Noah Smith, for example, seems gobsmacked by someone who ran for District Attorney in SF responded to this story:
with this:
The reception to his "just live with it" attitude has not been positive:
The other thing that prompted me to post about this was an essay by Darrel Owens about the serious literacy problem in black education in the Bay area. This got noticed at Hot Air too. The essay was thoughtful and to a large degree reasonable, although he strained the friendship when briefly endorsing the idea of enormous reparation as a solution. How's this for ridiculous virtue signalling:
San Francisco's Board of Supervisors have signaled they're ready to right racist wrongs of the past — at least in spirit.
In a unanimous vote on Tuesday, the 11 members accepted a draft plan of more than 100 reparations recommendations
for the city's eligible Black residents. Those proposals include a
whopping one-time payment of $5 million to each adult and a complete
clearing of personal debt — including credit cards, taxes and student
loans.

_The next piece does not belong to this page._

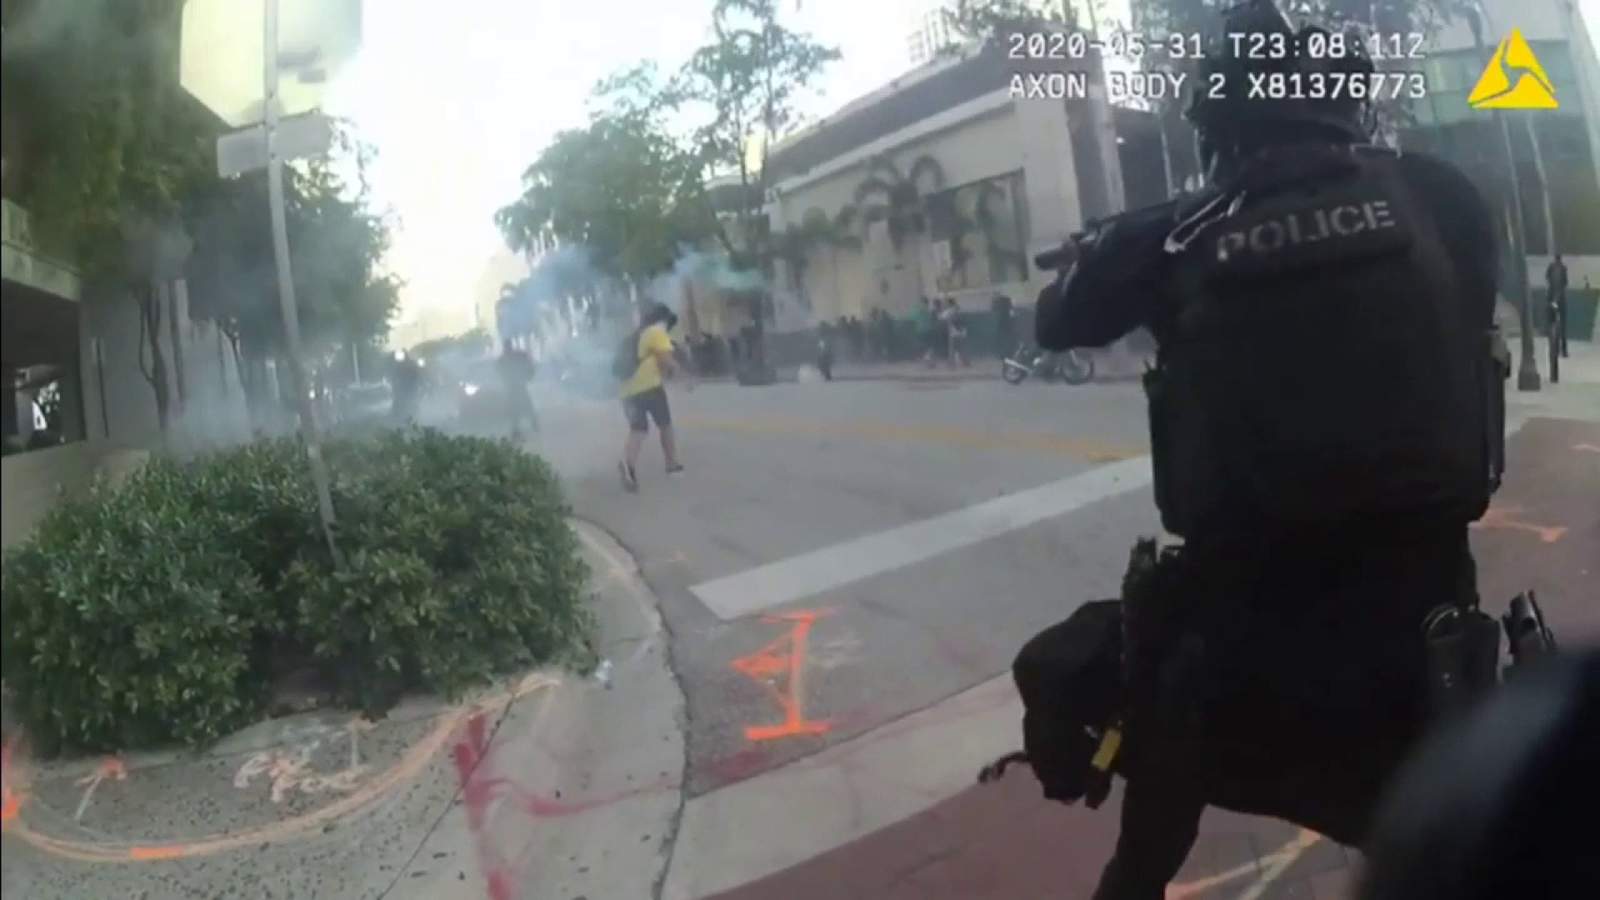 Body-cam footage from late May protest appears to show Fort Lauderdale officers swearing, laughing at demonstrators

Black residents would also be able to collect an annual income of
at least $97,000 for 250 years and buy homes within the city limits for
$1.
The move by the board was largely procedural – an
intermediate step in a much longer process. It does not bind the city to
any of the ideas presented in the 60-page proposal by the San Francisco
African American Reparations Advisory Committee,
which in 2020 was tasked with addressing "the institutional, City
sanctioned harm that has been inflicted upon African American
communities."
Apparently, the city has no money to be offering any reparations, let alone $5 million per black adult.
Anyway, the Owens essay has opened the argument about culture and change - with Owens arguing you can't just tell people to change their culture overnight:
In my Substack on Black and Asian race relations
in San Francisco, the most common criticism I received was that Black
San Franciscans could solve their problems with better cultural
practices. That Asian Americans also had been discriminated against in
the past such as the Chinese Exclusion Act or WWII concentration camps,
and thus Black Americans have no excuse. AKA the old model minority
idea.
It’s a particularly silly criticism because the majority of Asian Americans are foreign-born
and the 96% can trace ancestry after or around the 1965 immigration
act. However, discrimination against Asian Americans is still rampant,
particularly in the immigration and employment system; and in Silicon
Valley’s management positions.
In comparison, only 9% of Black Americans are foreign born
— rather the inverse of Asian Americans. Vast majority of Black
Americans trace their ancestry back to slavery. When controlling for
Black Americans of foreign ancestry, they have educational attainment on par with immigrants broadly, including 41% degree-attainment among African immigrants, comparable with Asian Americans.
This matters because foreign-born Americans on average tend to commit less crime than U.S.-born Americans. So, yes, when talking criminal justice and poverty, it is a cultural problem. But it’s an American
cultural problem of centuries of imposed segregation and disinvestment
against Blacks, that was explicitly legal until one and a half
generations ago. Asking wide swaths of Black America to imitate foreign
cultures they don’t know as a means to break 400 years of imposed
suppression in the country they’ve lived in for generations is moronic
and absurd. No other ethnic group can do it or has been expected to.
Further down he writes:
To be clear: this conversation isn’t new. The academic gap has
happened every decade since schools have existed in the U.S. However the
stakes are worse because the rise of the Information Economy requires a
degree of intelligence beyond the basic trade skills of the past, and
we’re not even reaching the bare minimum for Black children.
If
we’re going to make our educational system so heavily dependent on the
activities of children at home rather than in-class, the least we can do
is financially and culturally support families. You cannot erase
decades of poverty, drug addiction, environmental pollution and impaired
child development, explicit disinvestment and redlining in Black
neighborhoods by just saying “try harder.” We’re not just investing in
the future of those families or a race, we’re investing in the future of
our cities and nation.
Many people don’t see it this way and I’m
sure they’ll tell me so. I’ll predict their arguments: “It’s not my job
to take care of other people’ kids. It’s not my job to fix Black
people’s cultural problems. My family / this ethnicity dealt with racism
and overcame it; so to can Black people.”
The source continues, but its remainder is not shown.